• _Exercise_: Take the lines below from the one with "Deluxe Cottage 1.jpg" through the one with "How To Read Guitar Tab | Hub Guitar" and retype them exactly. Include nothing else, and no pictures.

• _Entries supplied_:
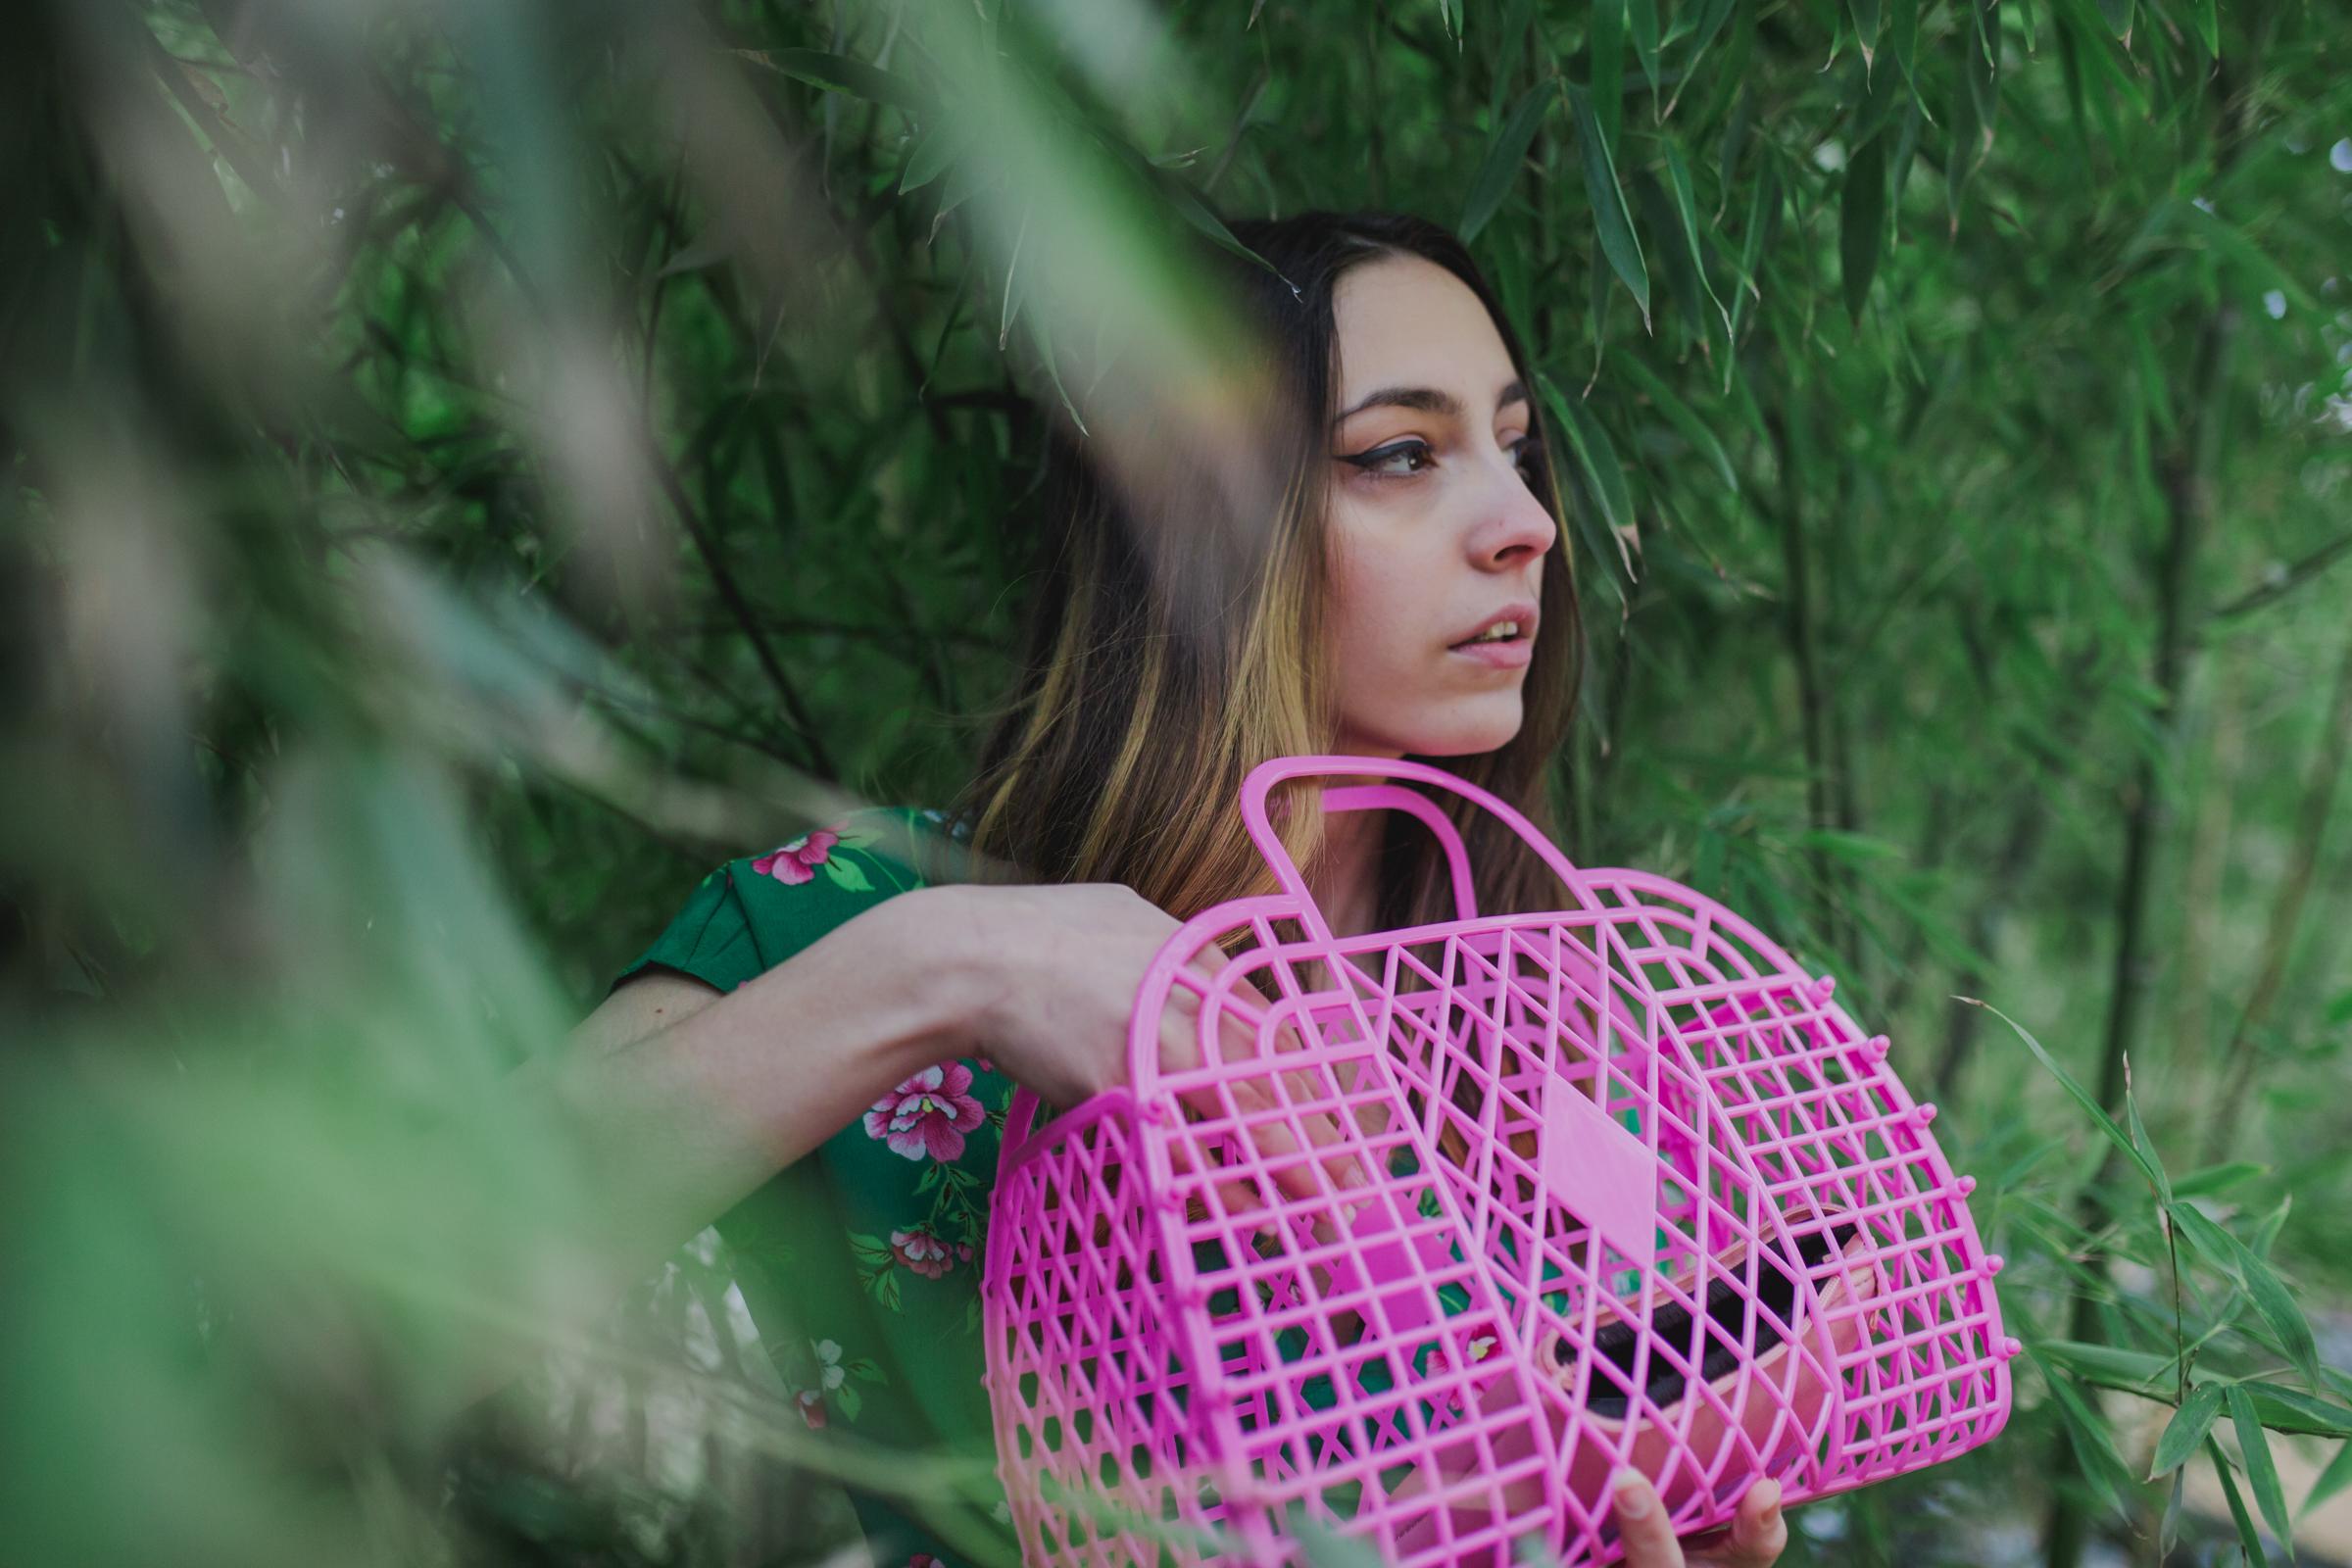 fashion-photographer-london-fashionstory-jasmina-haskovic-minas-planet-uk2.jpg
* * *
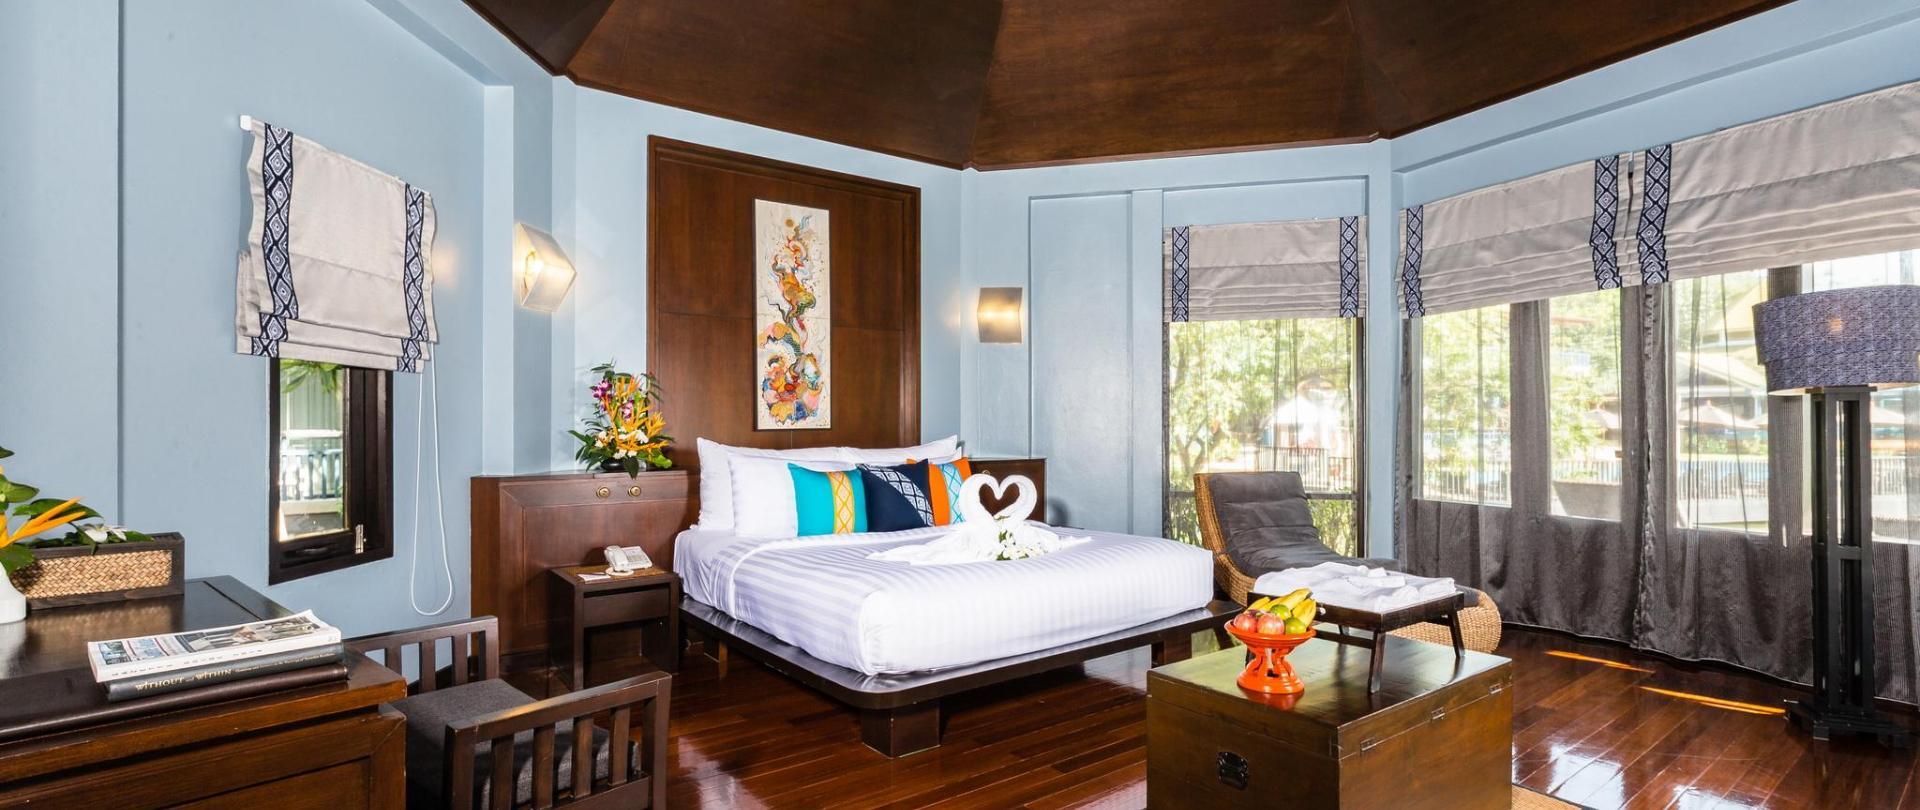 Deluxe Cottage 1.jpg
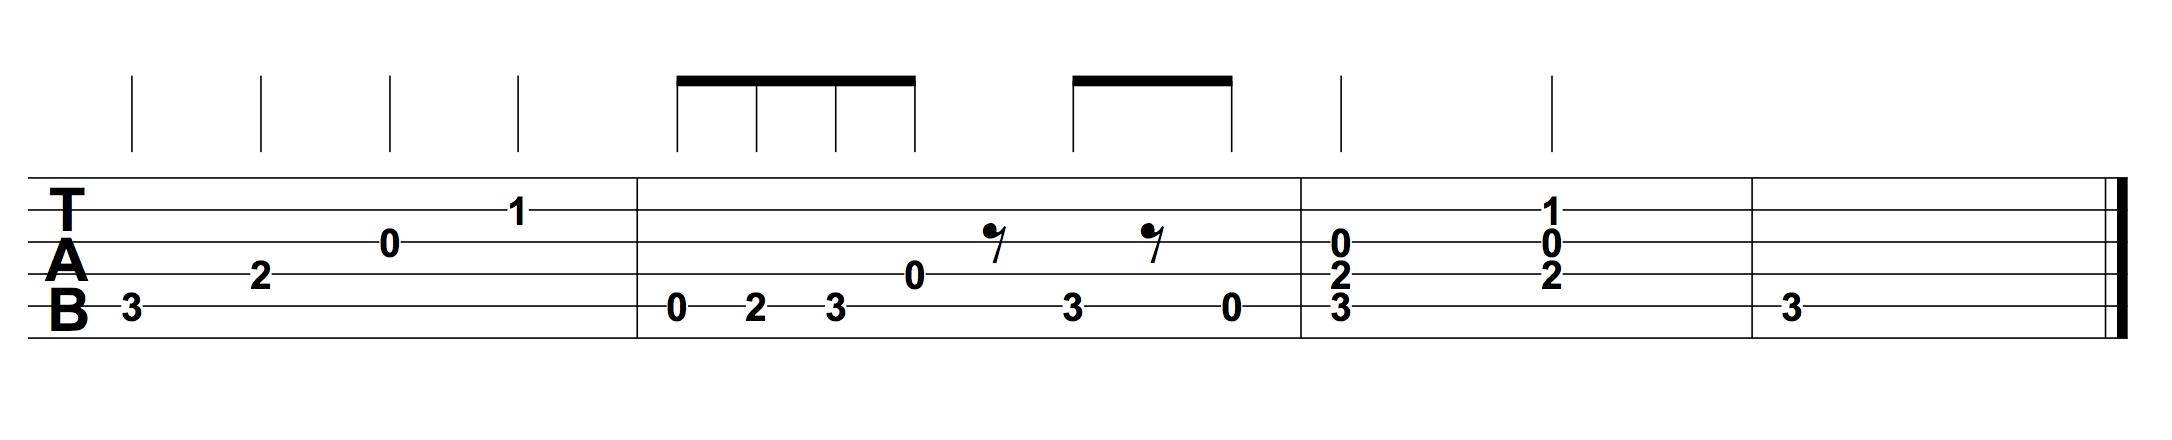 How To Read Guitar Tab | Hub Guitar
--
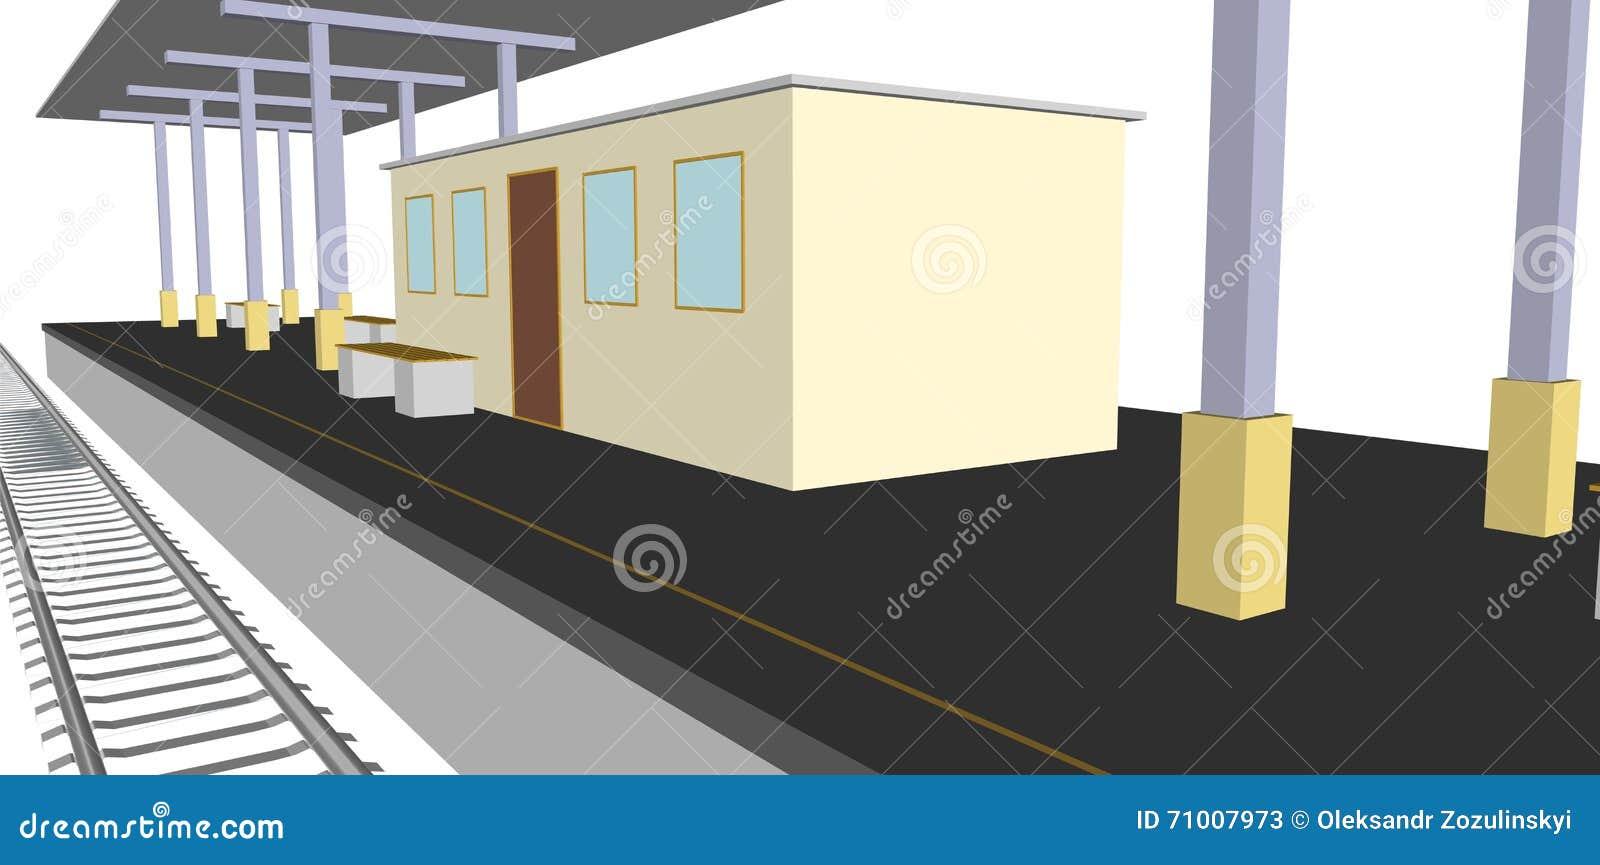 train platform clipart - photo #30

• _Reply to the exercise_:
 Deluxe Cottage 1.jpg
 How To Read Guitar Tab | Hub Guitar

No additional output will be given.